Mills was the only native-born Jerseyan on the Peppers' squad. Thanks to his law education, he signed an "ironclad" two-year contract with the Peppers. Though the team disbanded after the 1915 season, Mills "played" the non-existent 1916 "season." A clause in his 1915 contract guaranteed him a salary the following year as long as he continued to show up at the park, suited and ready to play for the team. Mills fulfilled his contractual obligations, coming to the empty park each day at 9 a.m., donning his uniform, and performing a rigorous physical workout to remain in playing condition.
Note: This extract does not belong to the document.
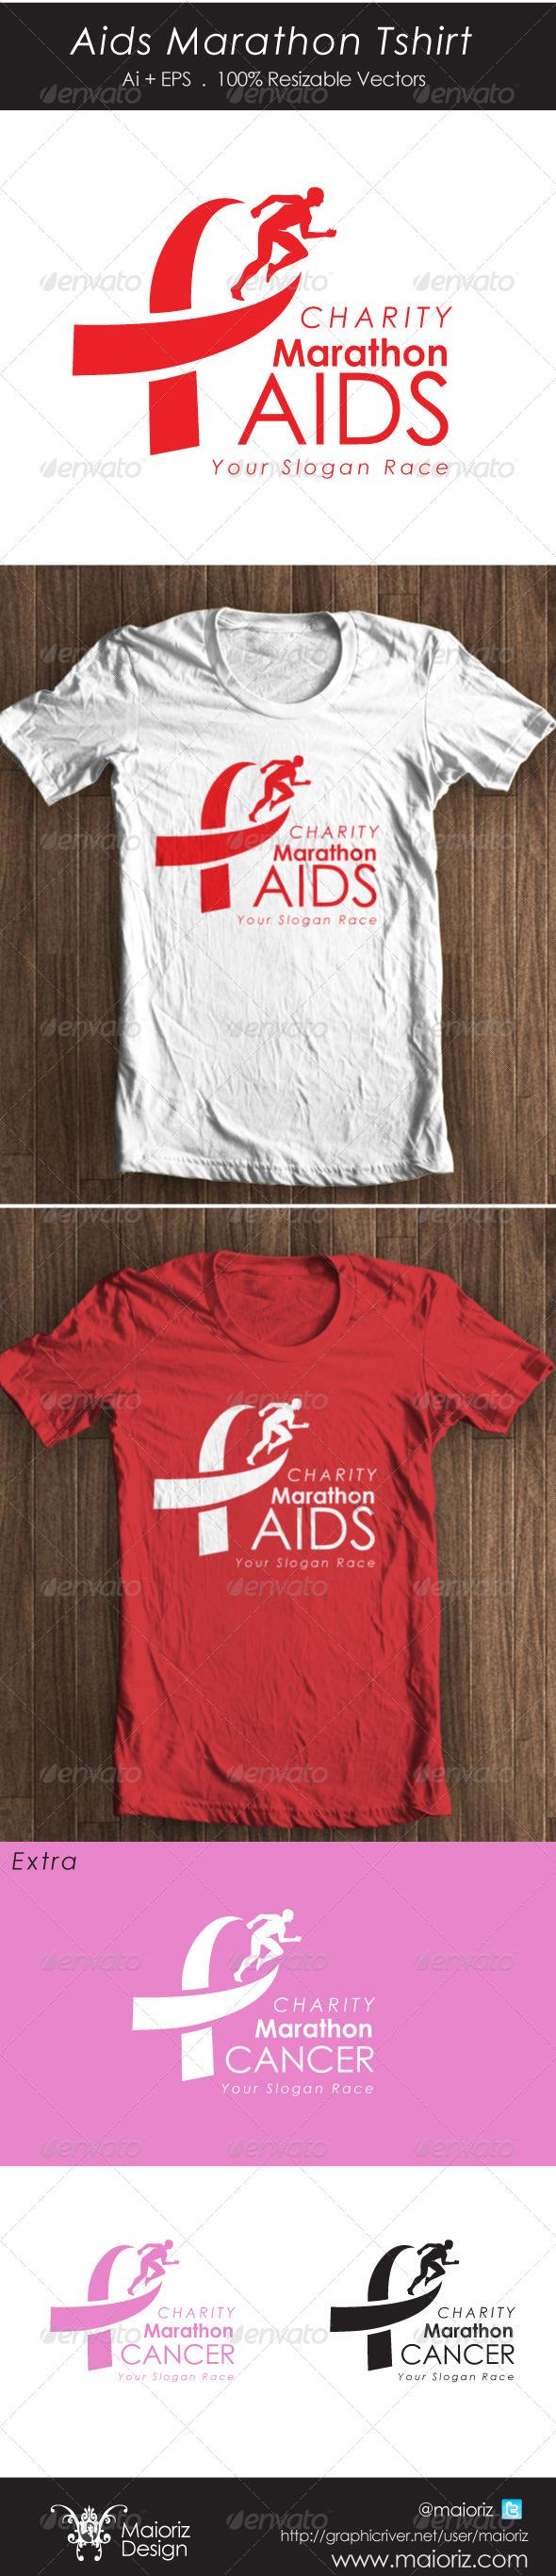 GraphicRiver Aids Marathon Tshirt 4452614

Partway through the summer, former team co-owner Patrick Powers bought out the balance of Mills' contract, after which Mills signed with a minor league club in Harrisburg, Pennsylvania that was affiliated with the Detroit Tigers. He batted .256 in 70 games.

In 1917 he played with the minor league Denver Bears of the Western League, leading the circuit in games played (149), doubles (37), assists (75) and fielding percentage (.987).

In 1918 he enlisted in the U.S. military and during World War I served in France as lieutenant with the 11th field artillery division. Upon military discharge, he entered local politics and served as Undersheriff of Essex County, New Jersey.

On July 20, 1929, Mills was canoeing with former New Jersey state assemblyman Louis Freeman on Lake Hopatcong, when the boat capsized. Freeman could not swim, but Mills rescued him. While passing Freeman's unconscious body to people on shore, Mills suffered a heart attack and drowned. At the time of his death, he was campaigning as the Republican candidate for Sheriff of Essex County.